**Material provided**
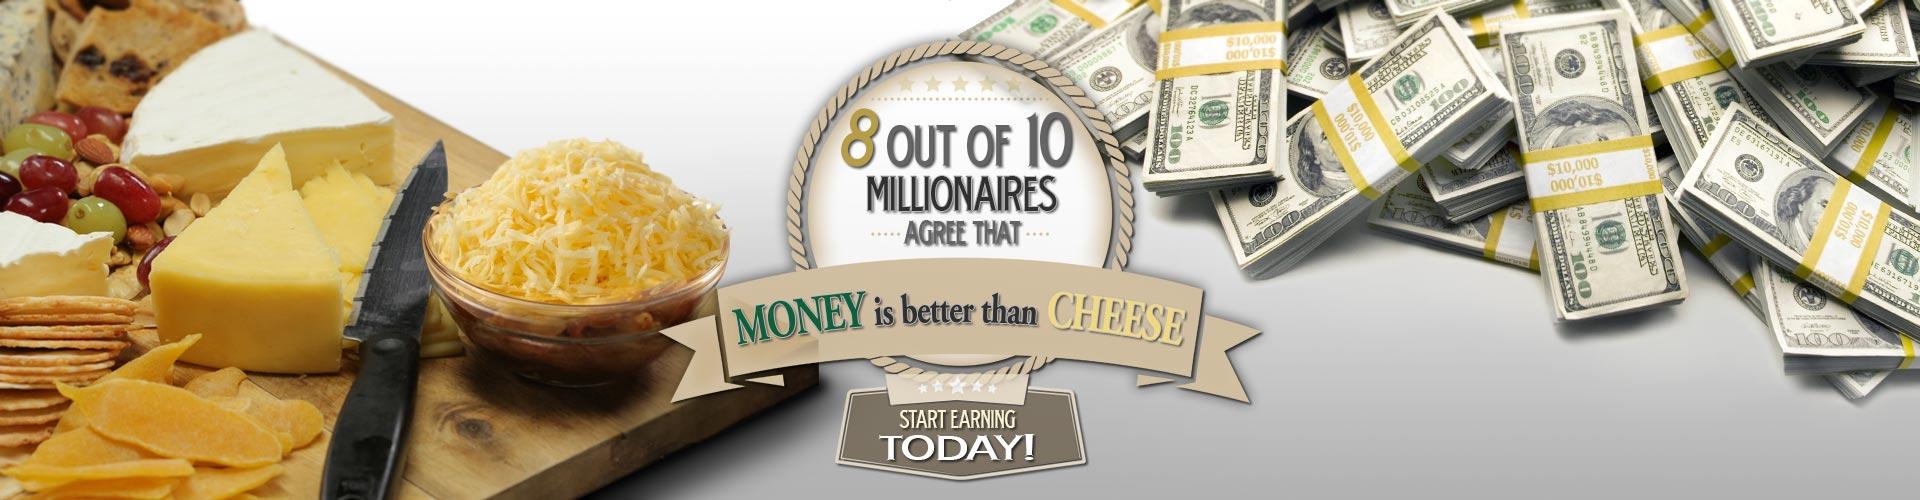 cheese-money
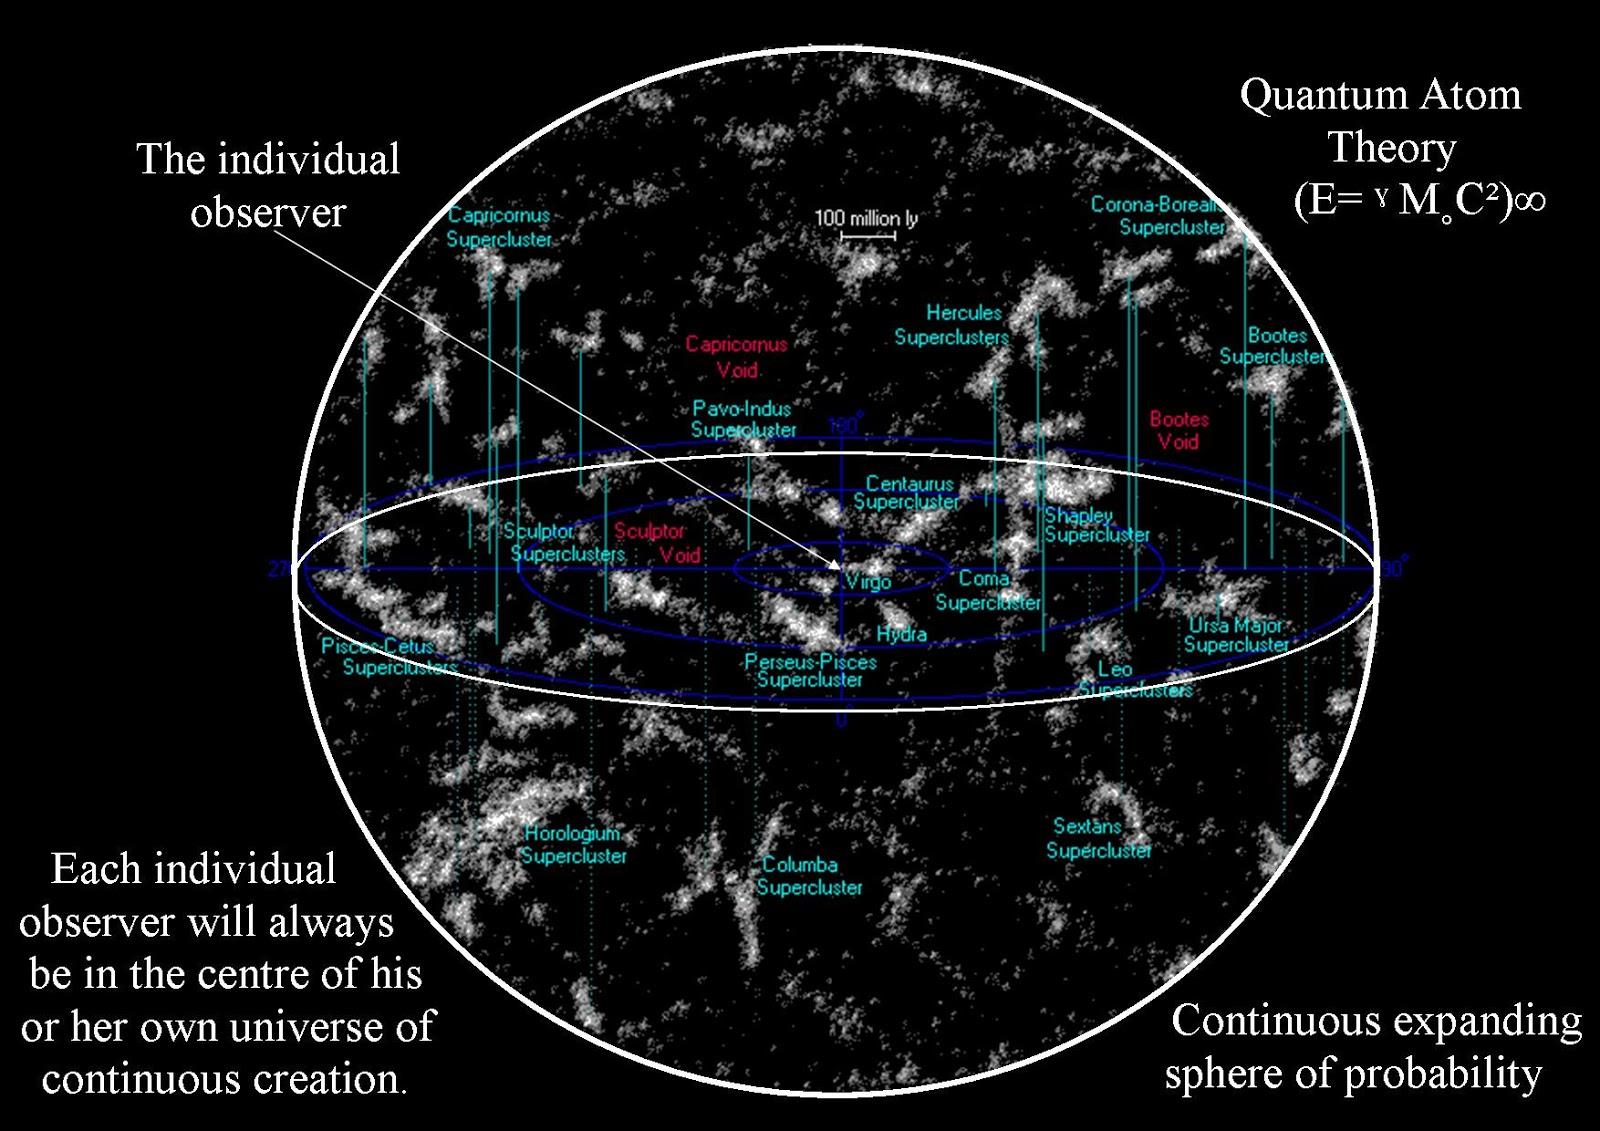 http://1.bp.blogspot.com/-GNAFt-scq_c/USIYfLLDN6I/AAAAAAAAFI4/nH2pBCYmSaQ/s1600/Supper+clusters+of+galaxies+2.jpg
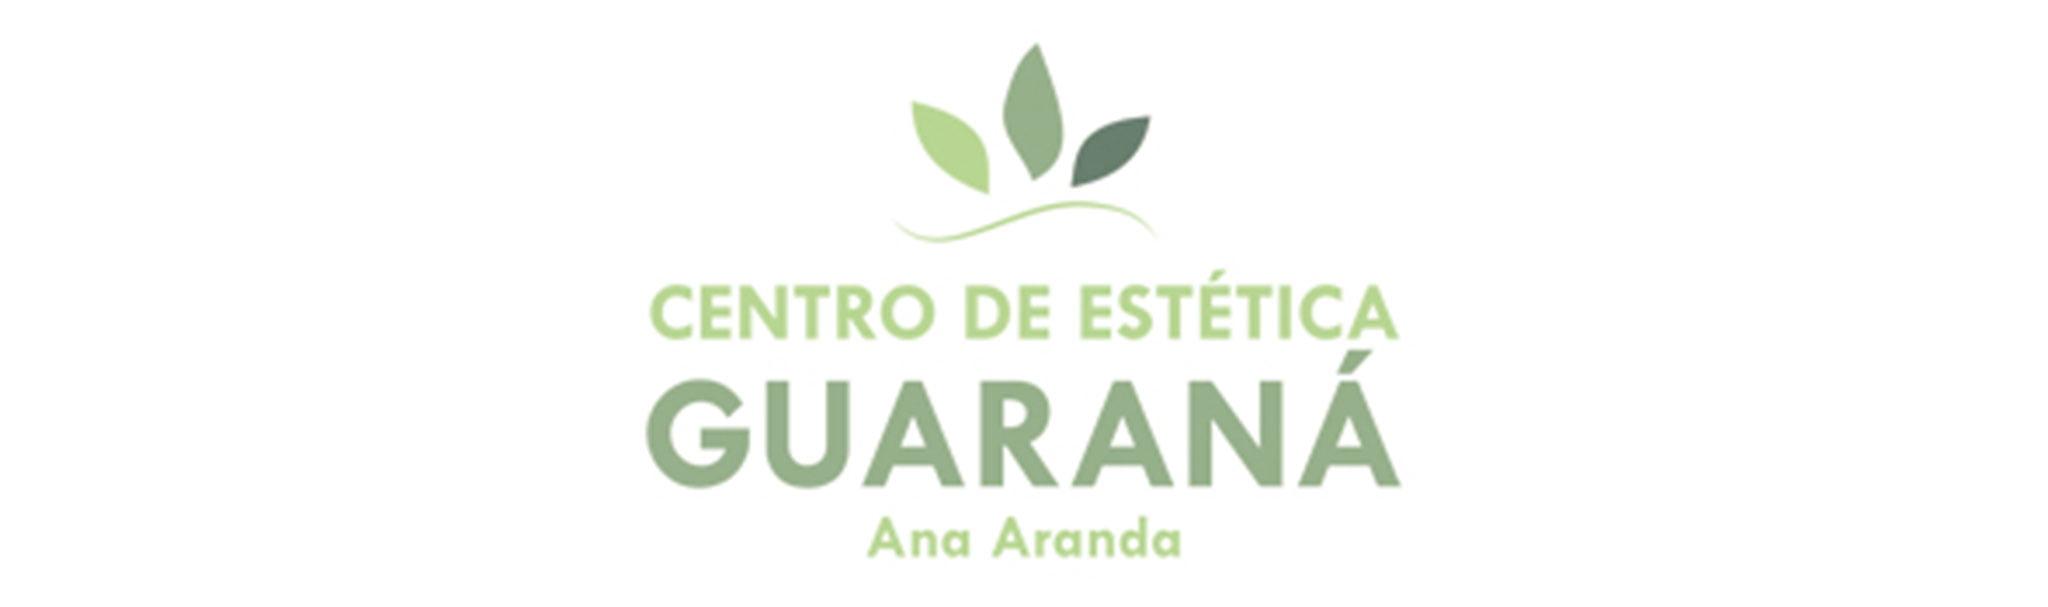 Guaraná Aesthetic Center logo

**Exercise prompt**
Omit every picture, then reproduce the rest of the listing exactly.

**Your solution**
 cheese-money
 http://1.bp.blogspot.com/-GNAFt-scq_c/USIYfLLDN6I/AAAAAAAAFI4/nH2pBCYmSaQ/s1600/Supper+clusters+of+galaxies+2.jpg
 Guaraná Aesthetic Center logo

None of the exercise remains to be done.